RABBI CHARGED IN FOUR 1975 ASSAULTS ON STUDENTS

A former Massachusetts rabbi was formally charged today with sexually assaulting two one-time students in separate incidents more than 30 years ago, Suffolk County District Attorney Daniel F. Conley announced.

STANLEY Z. LEVITT (D.O.B. 4/4/46) of Philadelphia was released on $5,000 surety following his arraignment on four counts of indecent assault and battery on a child in Suffolk Superior Court this morning. Each of those counts carries a potential 10-year state prison sentence.

Suffolk Superior Court Clerk Magistrate Robin Vaughan further ordered that Levitt have no unsupervised contact with children while his case is pending.

Assistant District Attorney Wayne Margolis of Conley’s Child Protection Unit said Levitt had been a teacher at the Maimonides School in Brookline between 1974 and 1977. Both of the victims were 11-year-old students at the school during that time.

In one incident, Margolis said, a student had been hospitalized after injuring his hand in an accident and was recuperating at Children’s Hospital in Boston. Levitt went to visit him in his hospital room and sexually assaulted him.

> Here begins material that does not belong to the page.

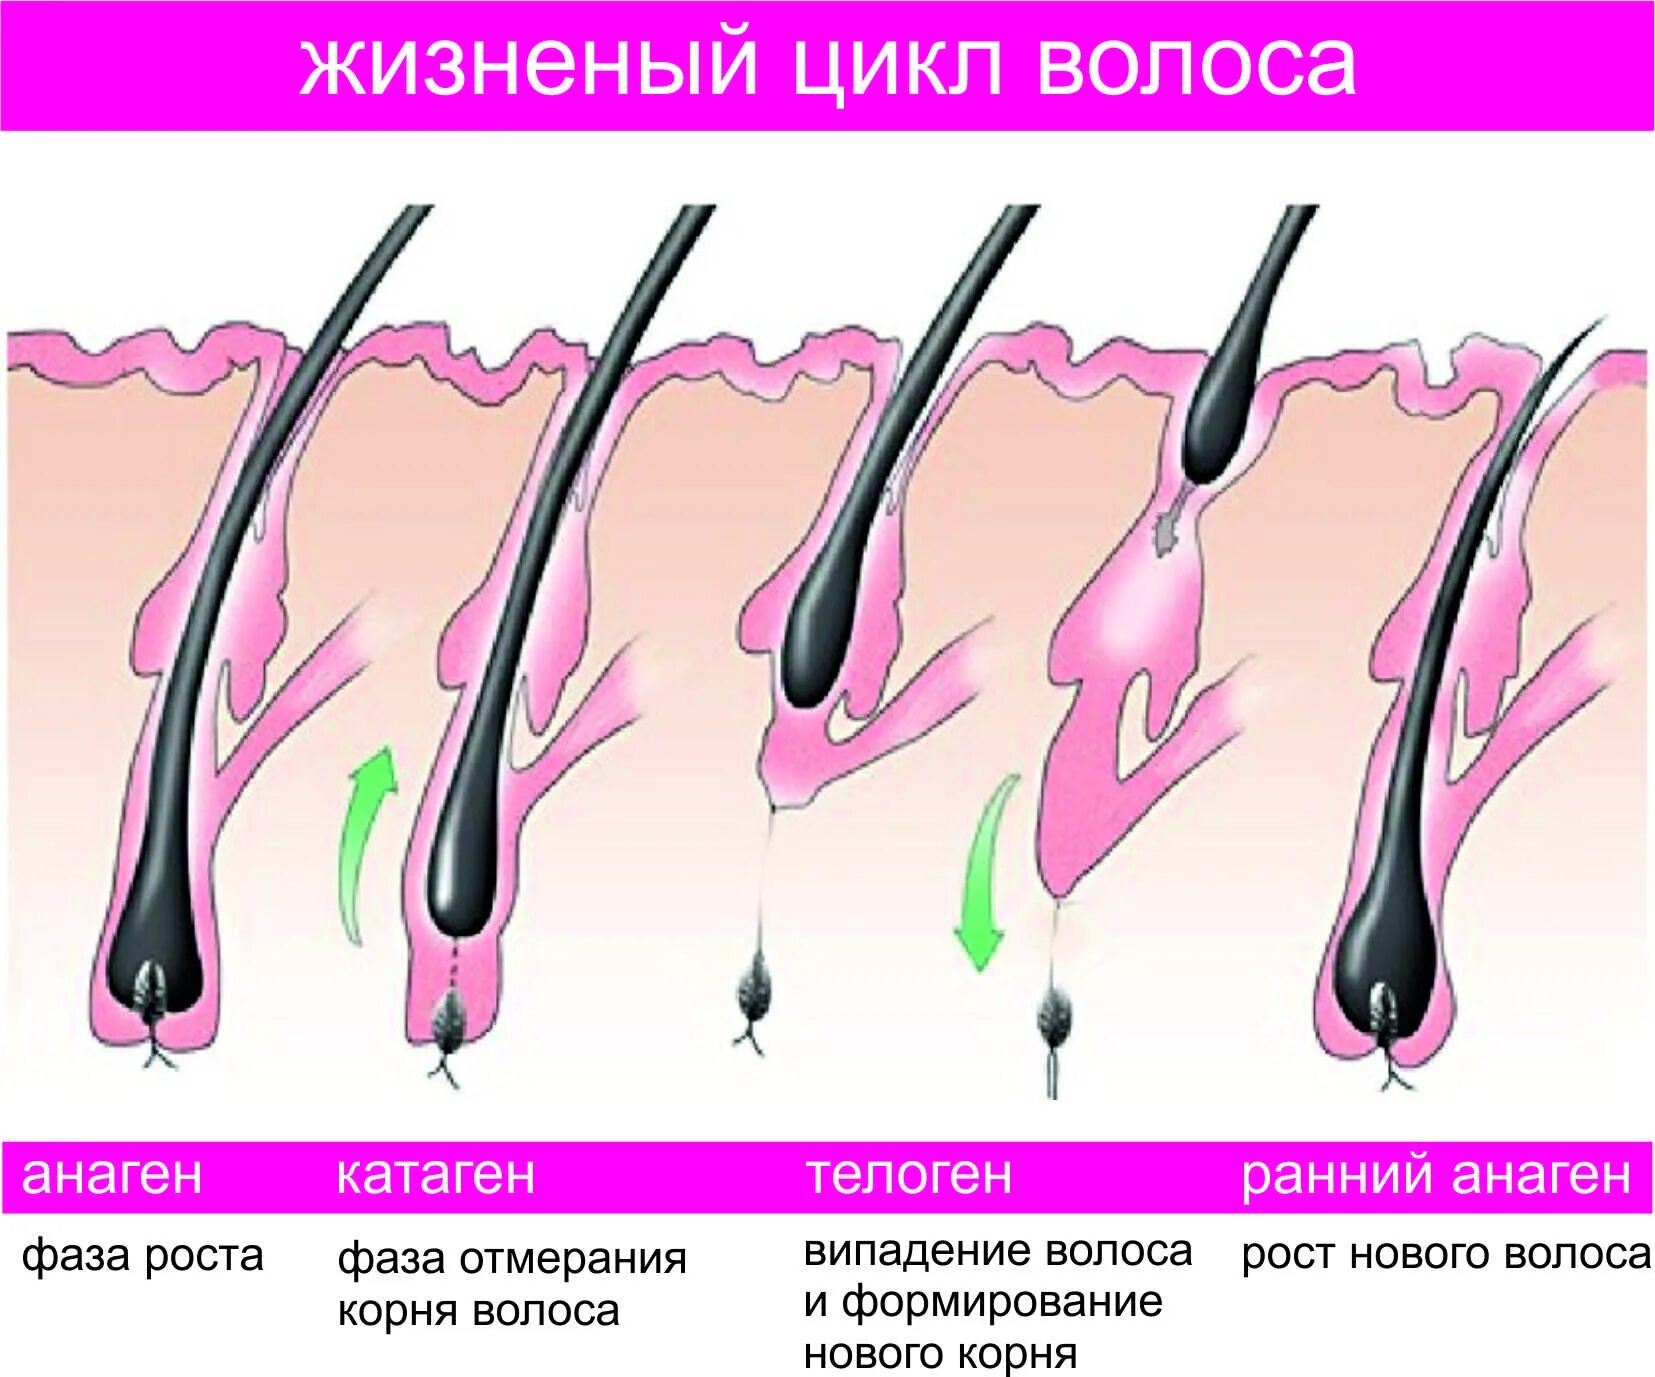 Корень волоса погружен в окруженную. Анаген телоген. Фаза роста анаген. Анаген катаген телоген. Стадии роста волос анаген.

The second victim was assaulted three times during the course of a weekend visit to Levitt’s former residence on Chiswick Road in Brighton while the boy’s parents were out of town. Levitt allegedly assaulted the boy three times during that visit.

“There are numerous witnesses to corroborate the victims’ accounts,” Margolis said in court, adding that “a third witness has come forward in recent days” after learning of Levitt’s Sept. 23 indictment through the media.

Levitt has convictions for indecent assault on a child and corrupting a minor in Philadelphia, where he moved after leaving Maimonides. Levitt remains on probation for the Philadelphia offenses until December of this year.

Conley spearheaded efforts to extend the statute of limitations on child sexual abuse after repeatedly learning of older cases that could not be prosecuted because – as in this case – the victims did not disclose their abuse until many years later.

In 2006, those efforts paid off when the statute of limitations on child sexual abuse was extended from 15 years to 27 years.

It was a different aspect of the law, however, that allowed prosecutors to pursue the charges against Levitt, Conley said. When Levitt left Massachusetts, the clock on the statute of limitations stopped, allowing prosecutors to pursue the charges they learned of when the Children’s Hospital victim contacted Boston Police last year.

Levitt was represented today by attorney Scott Curtis. His trail date is scheduled for July 12, 2010, and he will return to court on Dec. 10.